Fraction des civilisations intéressées par une com munication interstellaire «Wow!» C’est ce qu’écrit le 15 août 1977 un astrophysicien du radiotélescope américain The Big Ear en marge d’un signal imprimé sur papier. Celui-ci a duré 72 secondes, mais n’a été détecté qu’une fois. Ni sa nature ni son origine ne sont connues. Mais c’est plus ou moins le seul capté en provenance du ciel. «Le problème, explique Pierre Lagrange, c’est qu’on cherche des signaux classiques avec notre science habituelle. En fait, le saut dans la réflexion doit être qualitatif, car on ne sait tout simplement pas quelle forme peuvent prendre les données sur lesquelles il faut raisonner.» Certains scientifiques théorisent sur d’éventuels autres vecteurs de communication, comme les ondes gravitationnelles, qui plisseraient l’espace-temps, ou des particules ultra-énergétiques. Et le sociologue d’ajouter que – pourquoi pas – «une forme de vie ou communication extraterrestre est déjà présente parmi nous, sans qu’on puisse la voir…»
L’exobiologiste vaudois Claude-Alain Roten voit les choses autrement, et se réfère à l’«hypothèse du zoo»: «Il y a peut-être déjà un tel décalage entre d’autres civilisations intergalactiques et nous que ces dernières nous regardent comme nous observons des animaux enfermés. Elles se disent qu’elles ne vont pas déranger une forme de vie primitive (nous) qui doit encore évoluer en lui envoyant des signaux…»
Durée de vie d’une civilisation technologique
Ce terme influe sur le précédent: à l’échelle temporelle de l’Univers, une civilisation extraterrestre, aussi communicative soit-elle, peut avoir disparu avant que la nôtre éclose. «L’équation a aussi été postulée en pleine Guerre froide, les deux camps possédant l’arme nucléaire susceptible de détruire le monde», rappelle Didier Queloz, qui place la limite à 50 millions d’années (!), en raison de la fréquence moyenne des cataclysmes astrophysiques.
Au final, selon l’astronome genevois, «l’équation de Drake est scientifiquement très mauvaise, tant ses paramètres sont hétéroclites.
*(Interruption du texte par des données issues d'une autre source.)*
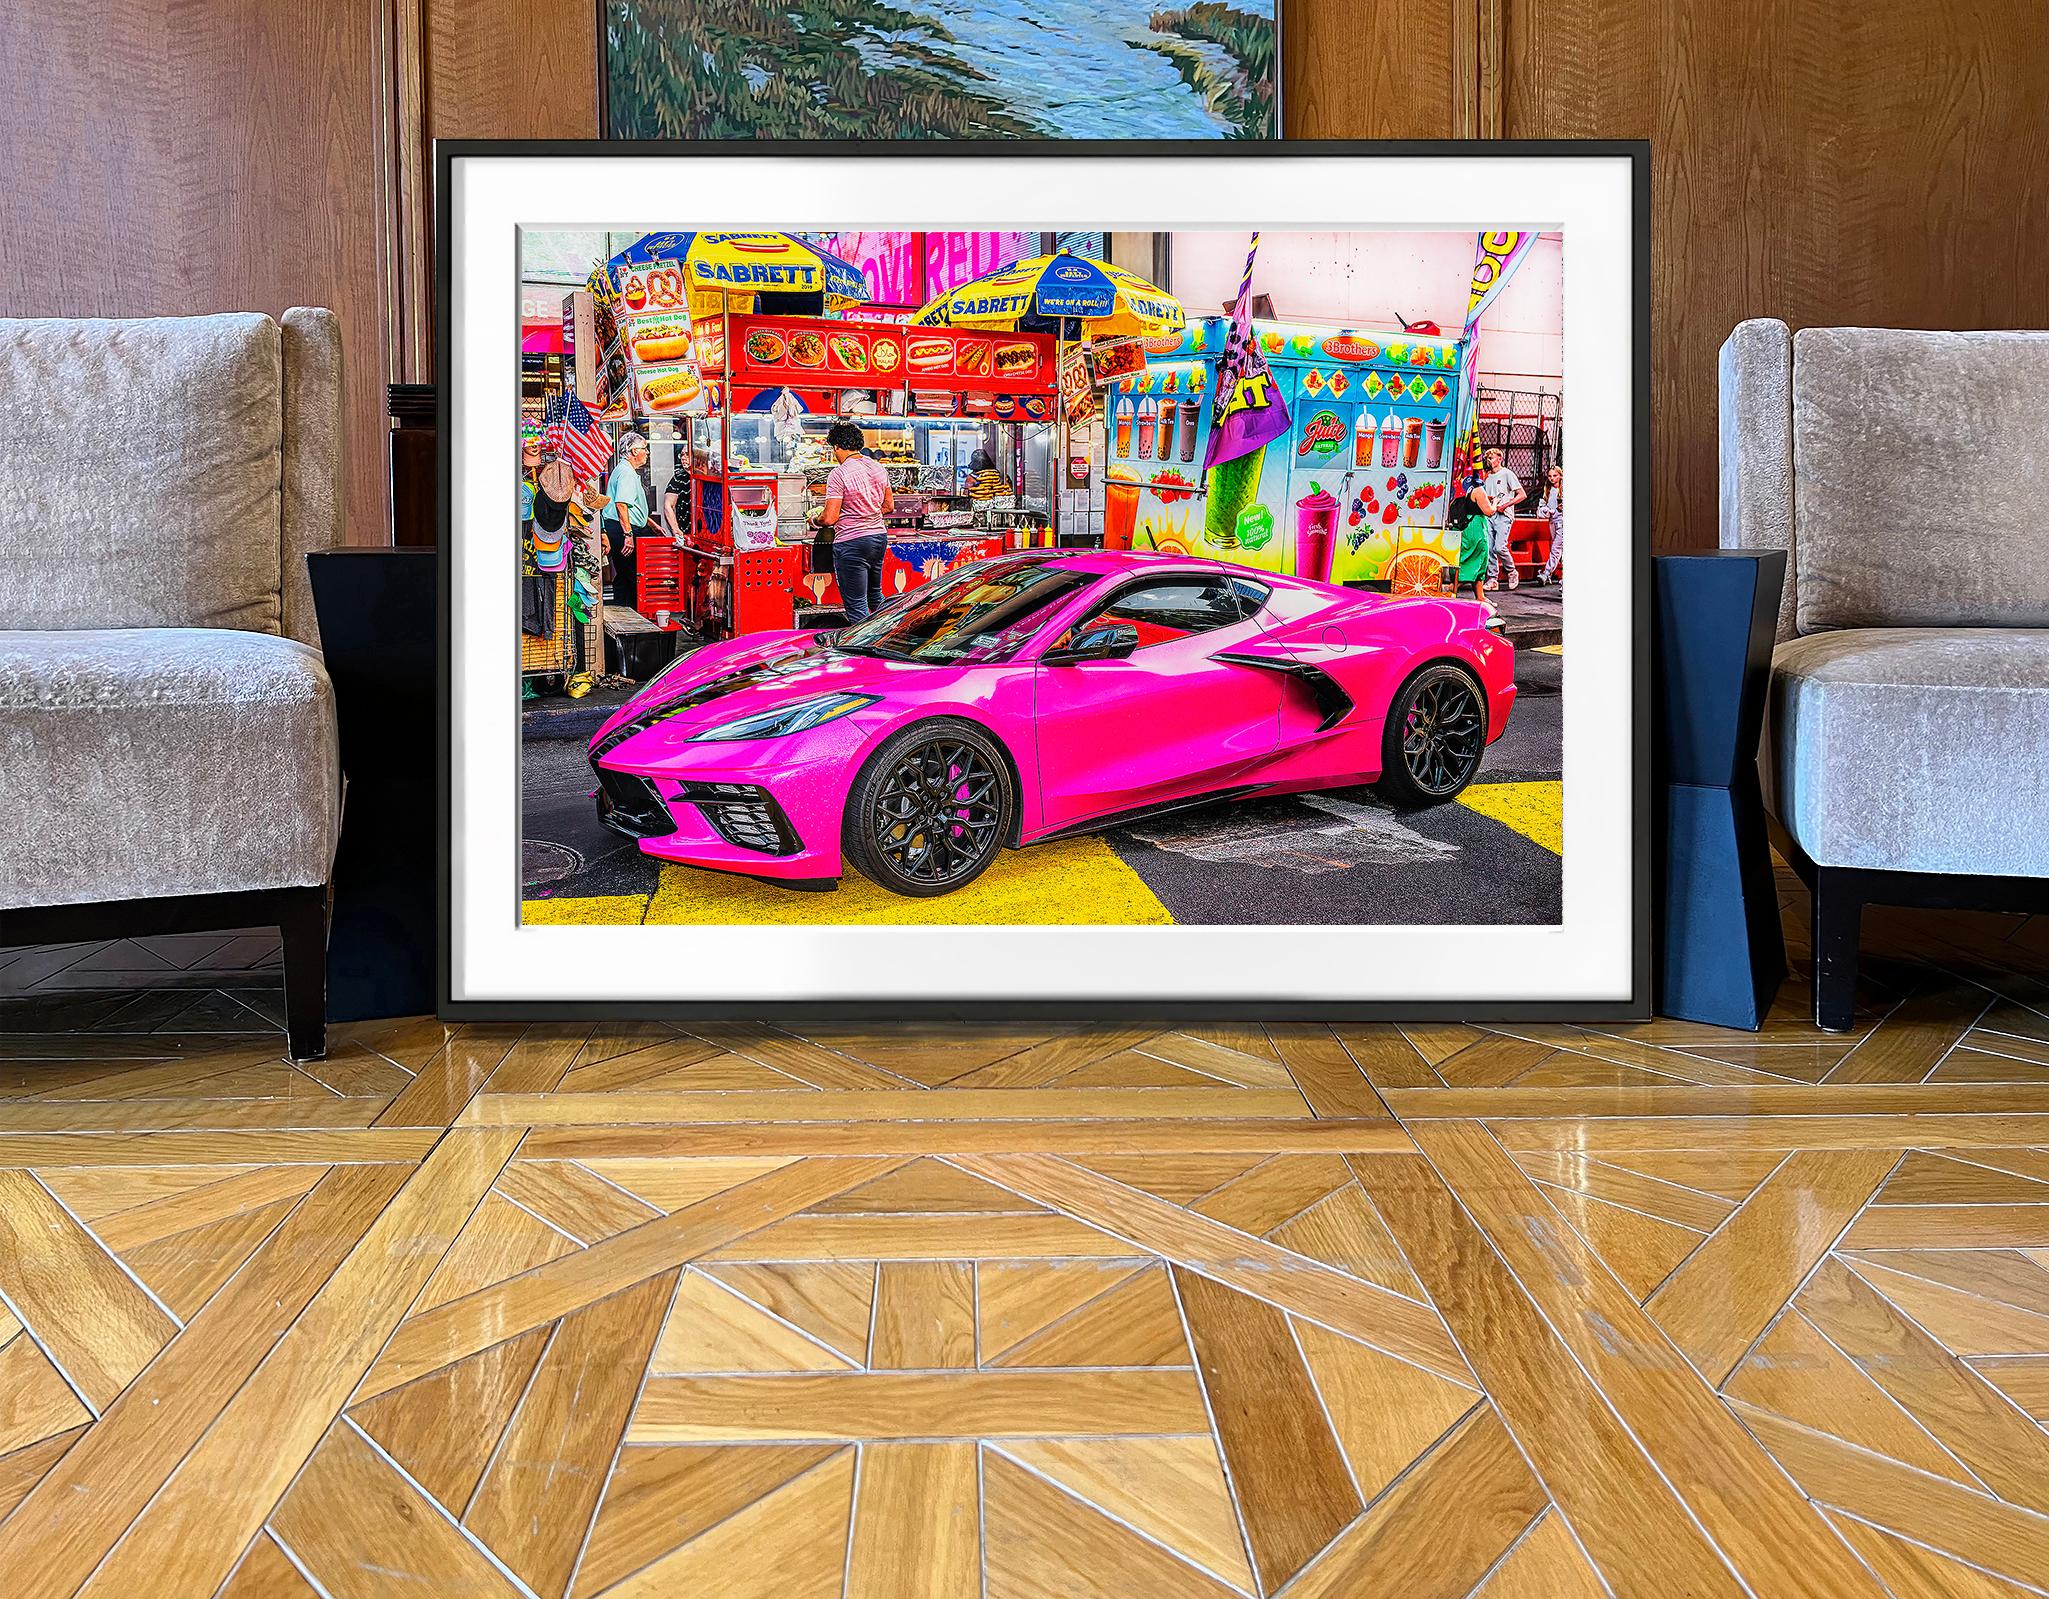 Im visuellen Wahnsinn des Times Square,  ein Leuchtfeuer aus futuristischem Design und Farbe in Form einer pinkfarbenen Corvette hält vor einer Ampel.  Das unheimliche Bild wurde von dem erfahrenen Straßenfotografen Mitchell Funk aufgenommen, der

Mais elle reste utile pour se poser des questions philosophiques.» Quant à Giuseppe Cocconi et Philipp Morrison, qui avaient proposé cette traque systématique en 1959 dans un article de Nature, ils concluaient simplement que «si l’on ne se met pas à chercher, la chance de trouver quelque chose est, de facto, nulle!»